# A.G.E. Series by Amana Tool MD502 Raised Panel Door set



## Eugd (Jan 29, 2015)

Does anybody know how far the rail protrudes into the stiles on this set, it makes a 3/8 Grove, i measured from the tip of the cutter to the bearing and it appears to be 3/8 as well, I can't find the information in the kit or on there site? I just wanted to make double sure before I begin to cut things up, and come up too short when I do the coaping cuts, thanks for the anticipated help.


----------



## Cherryville Chuck (Sep 28, 2010)

Eugd it should be the distance from the tip of the largest diameter to the bearing. I tried finding that set on their site but it didn't come up in a search.


----------



## Cherryville Chuck (Sep 28, 2010)

It wouldn't hurt to try them on some scrap first and then you can use those for dummy sticks to set the production run with. Then you'll be able to make sure before you make a mistake on some expensive wood.


----------



## Mike (Nov 22, 2004)

You should follow Chuck's very good advice and build a couple samples from cheap material.
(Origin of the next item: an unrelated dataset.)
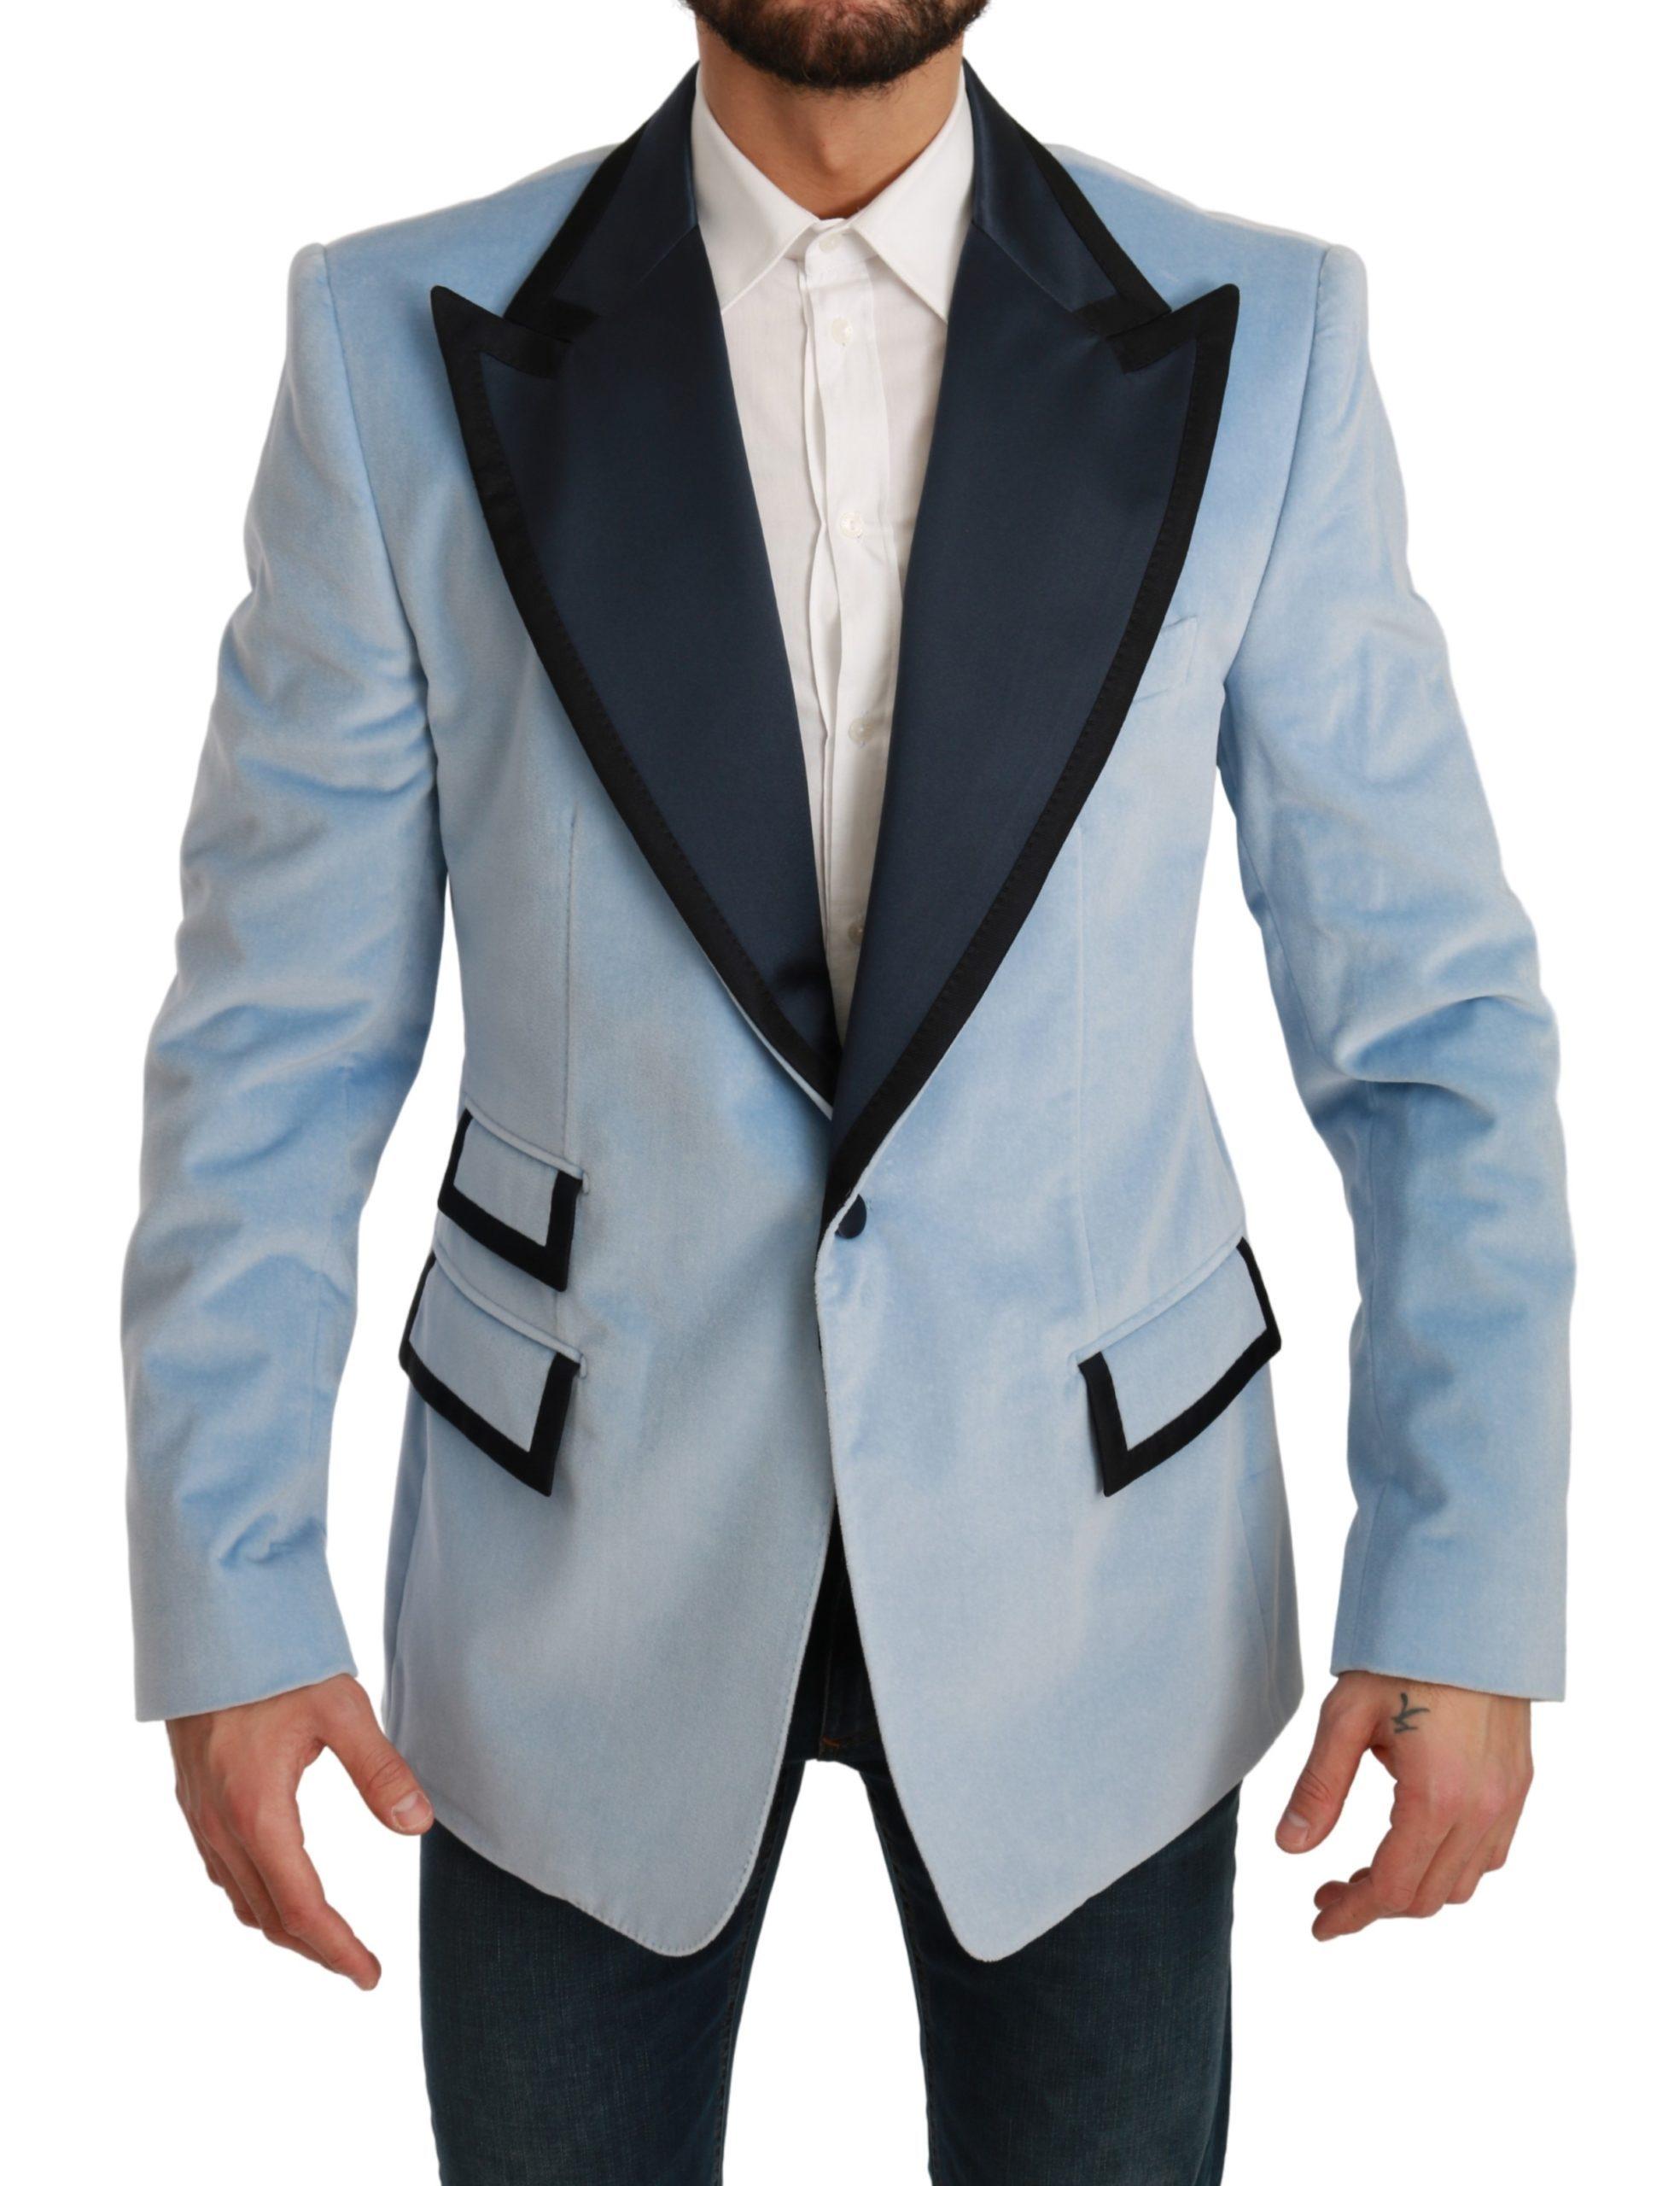 Dolce & Gabbana Men's Slim Fit Jacket Velvet Blazer Light Blue KOS1706 - IT54   XL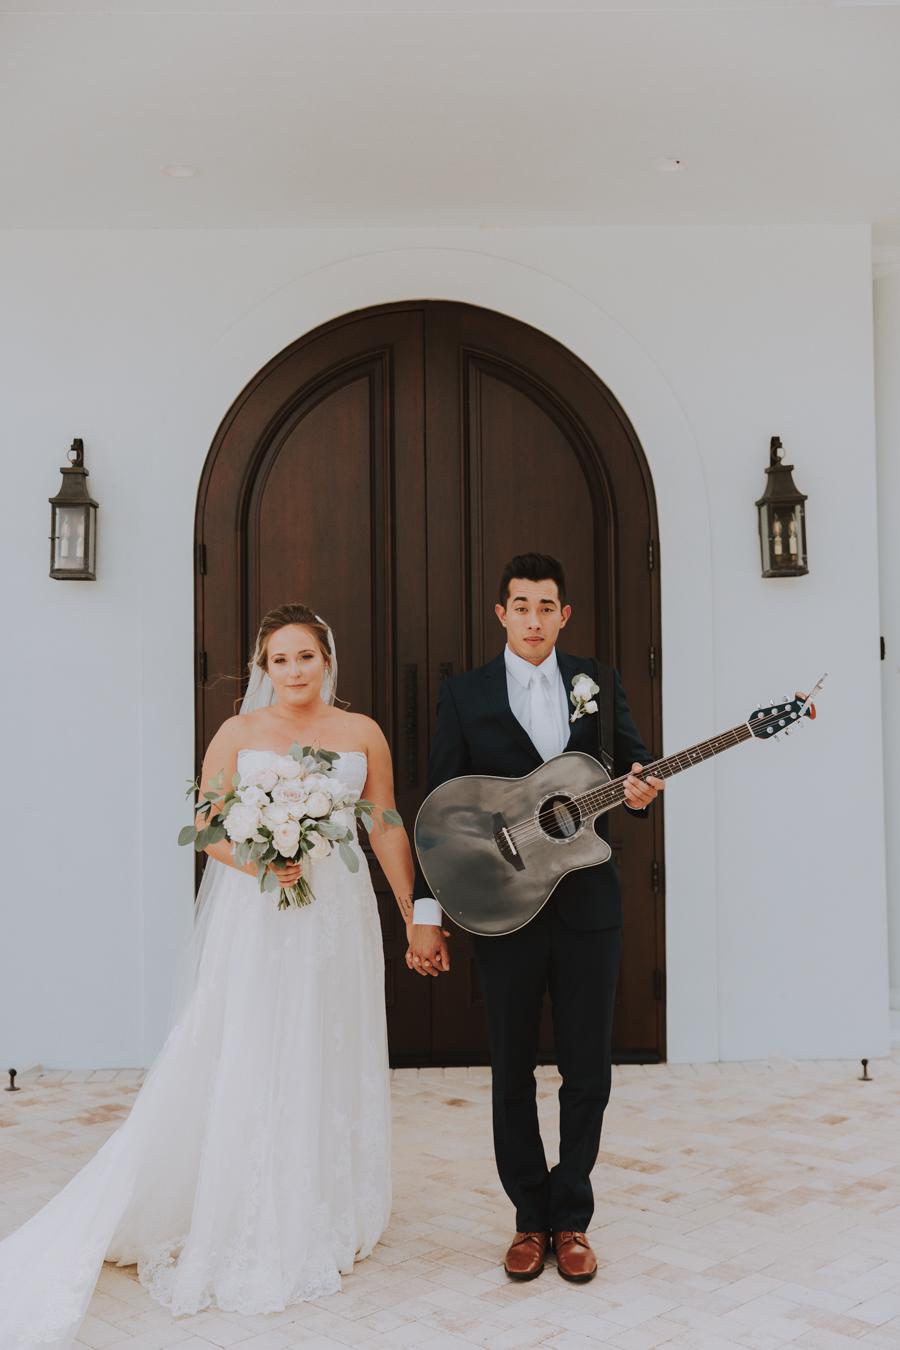 Harborside Chapel Wedding Clearwater Affordable Tampa Venues BHLDN Palm Harbor Safety Harbor Resort and Spa Wedding Malindy Elene Bridal St Pete Wedding Photographer Tampa Wedding Photographer-74.jpg

I make prototypes for most of my projects.


----------



## Stick486 (Jan 4, 2013)

Eugd said:


> Does anybody know how far the rail protrudes into the stiles on this set, it makes a 3/8 Grove, i measured from the tip of the cutter to the bearing and it appears to be 3/8 as well, I can't find the information in the kit or on there site? I just wanted to make double sure before I begin to cut things up, and come up too short when I do the coaping cuts, thanks for the anticipated help.


your best bet would be to run a few test cuts and assemblies w/ scrap material...


----------



## Eugd (Jan 29, 2015)

Will do, thanks gentlemen


----------